EXTRACTED RECORDS
★ ★ ★ ★ ★
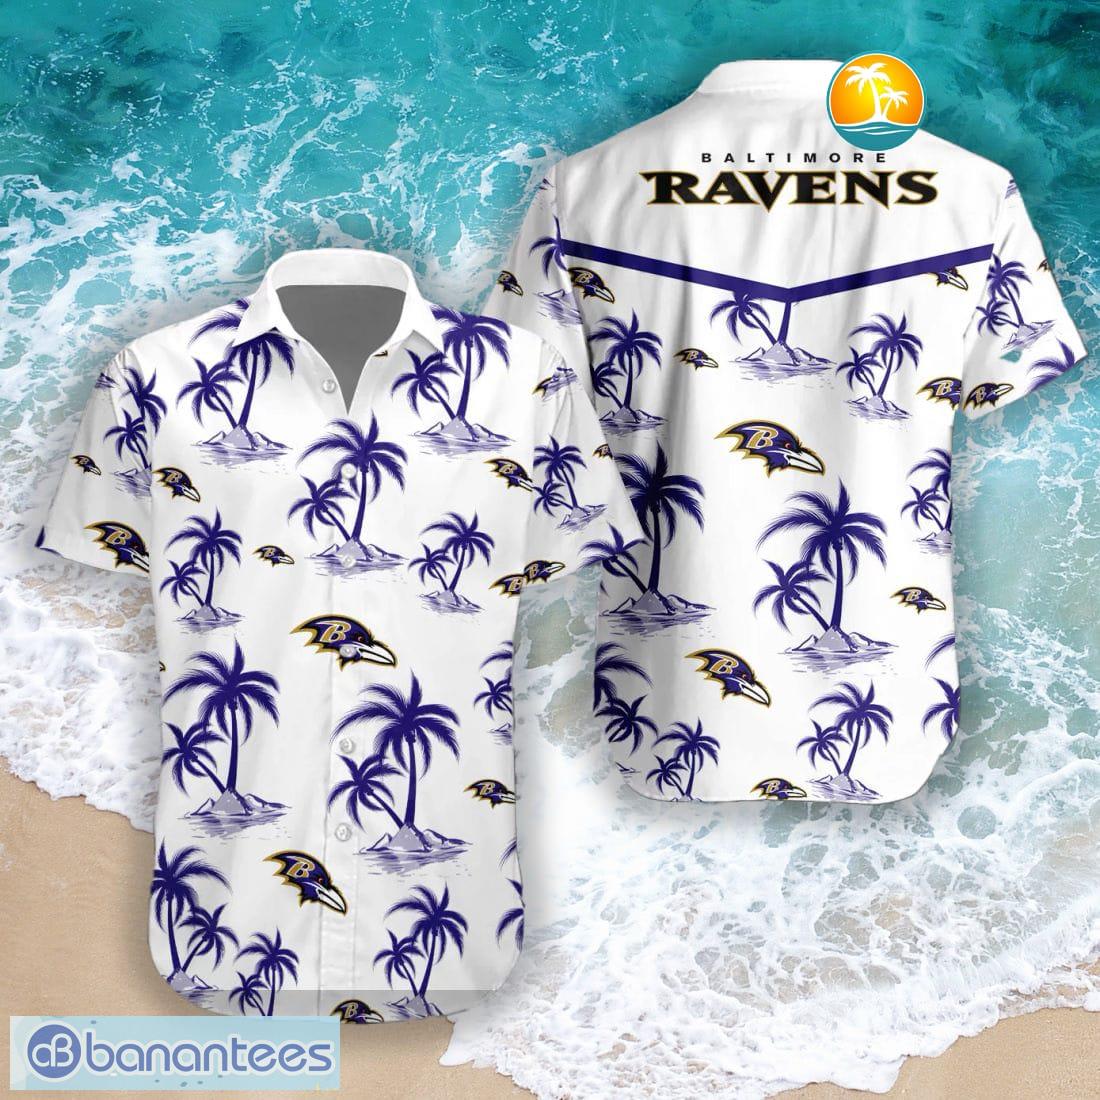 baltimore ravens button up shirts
★ ★ ★ ★ ★
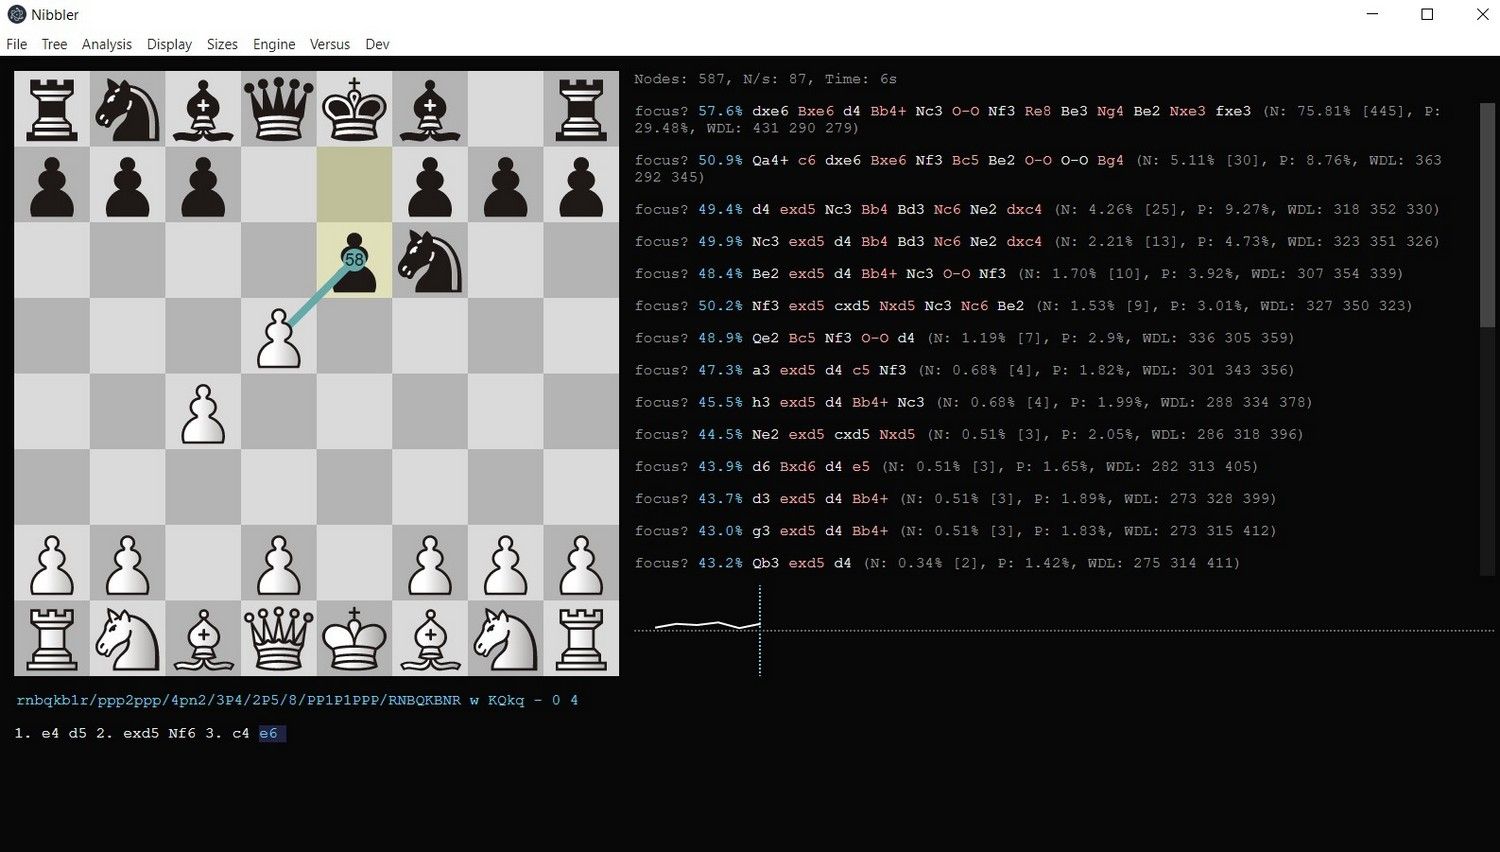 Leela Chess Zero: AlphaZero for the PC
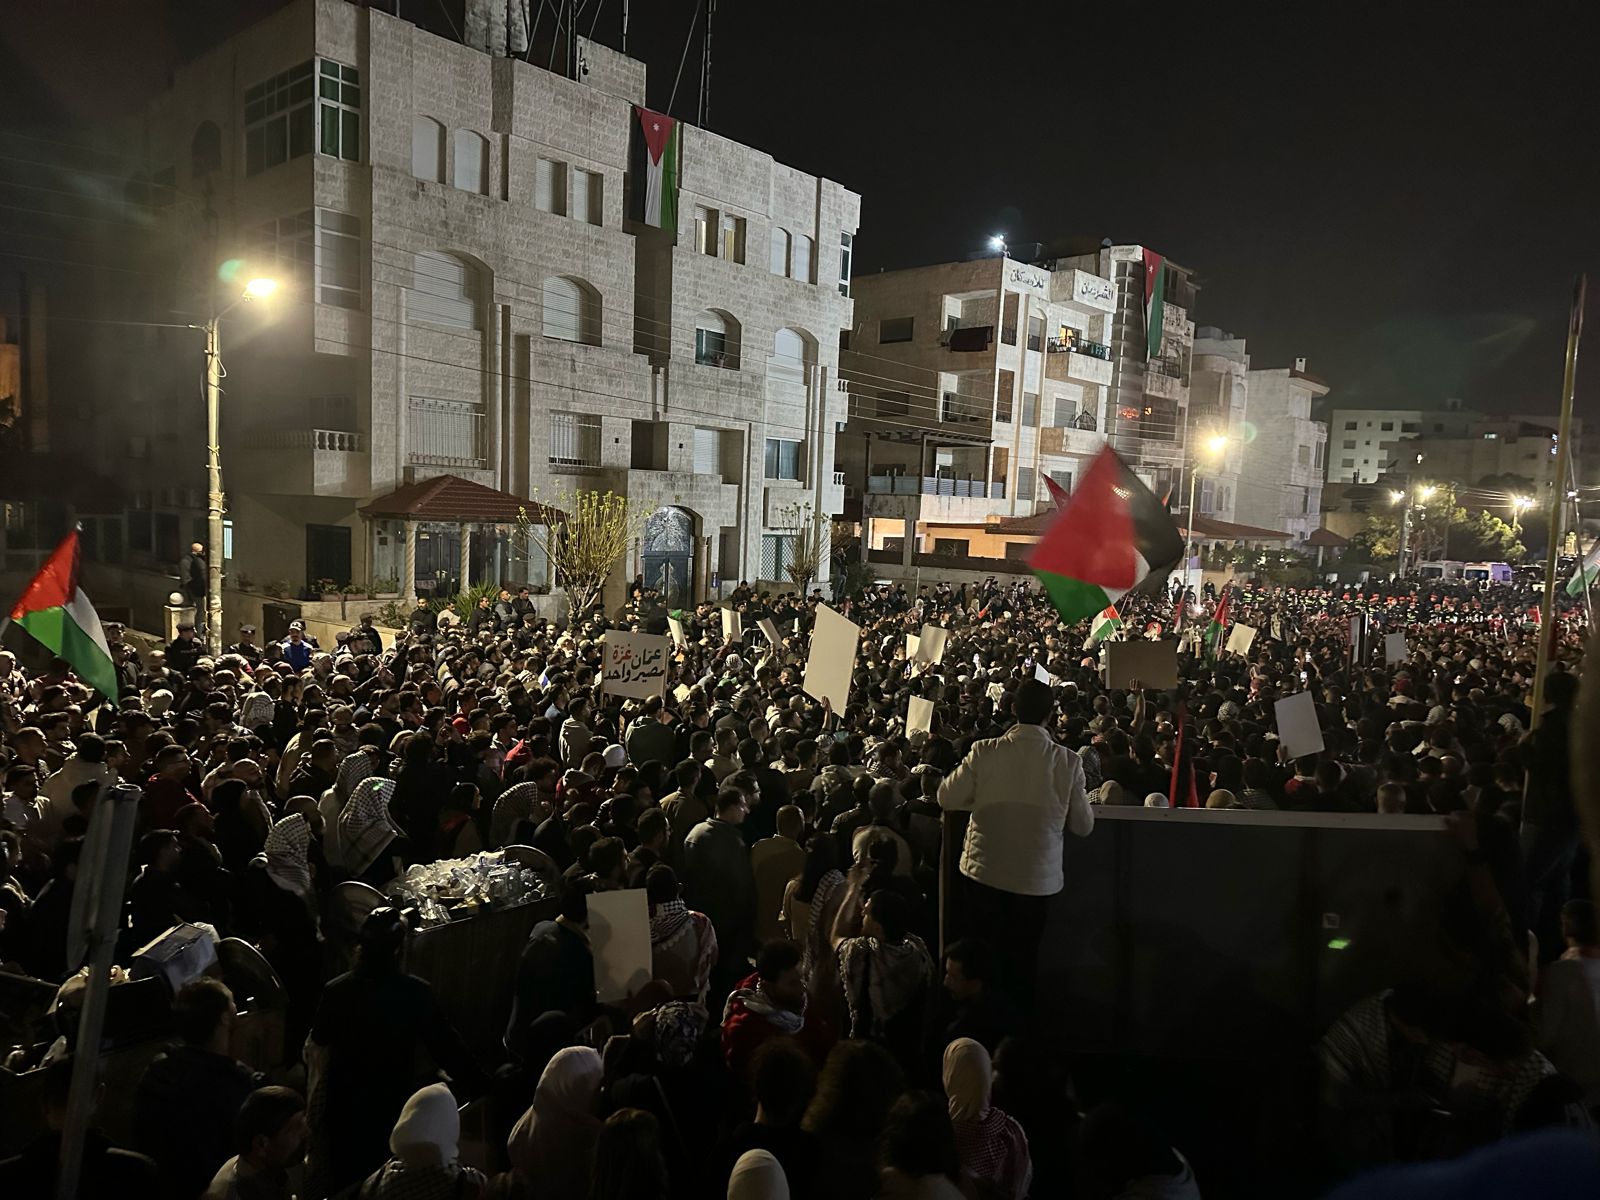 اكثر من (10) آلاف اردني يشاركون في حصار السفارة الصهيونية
★ ★ ★ ★ ★
WHAT THIS TASK INVOLVES
Now transcribe the lines above exactly, starting at the line containing "Leela Chess Zero: AlphaZero for the PC" and ending at the line containing "اكثر من (10)", both lines included, pictures excluded.

FINISHED TASK
 Leela Chess Zero: AlphaZero for the PC
 اكثر من (10) آلاف اردني يشاركون في حصار السفارة الصهيونية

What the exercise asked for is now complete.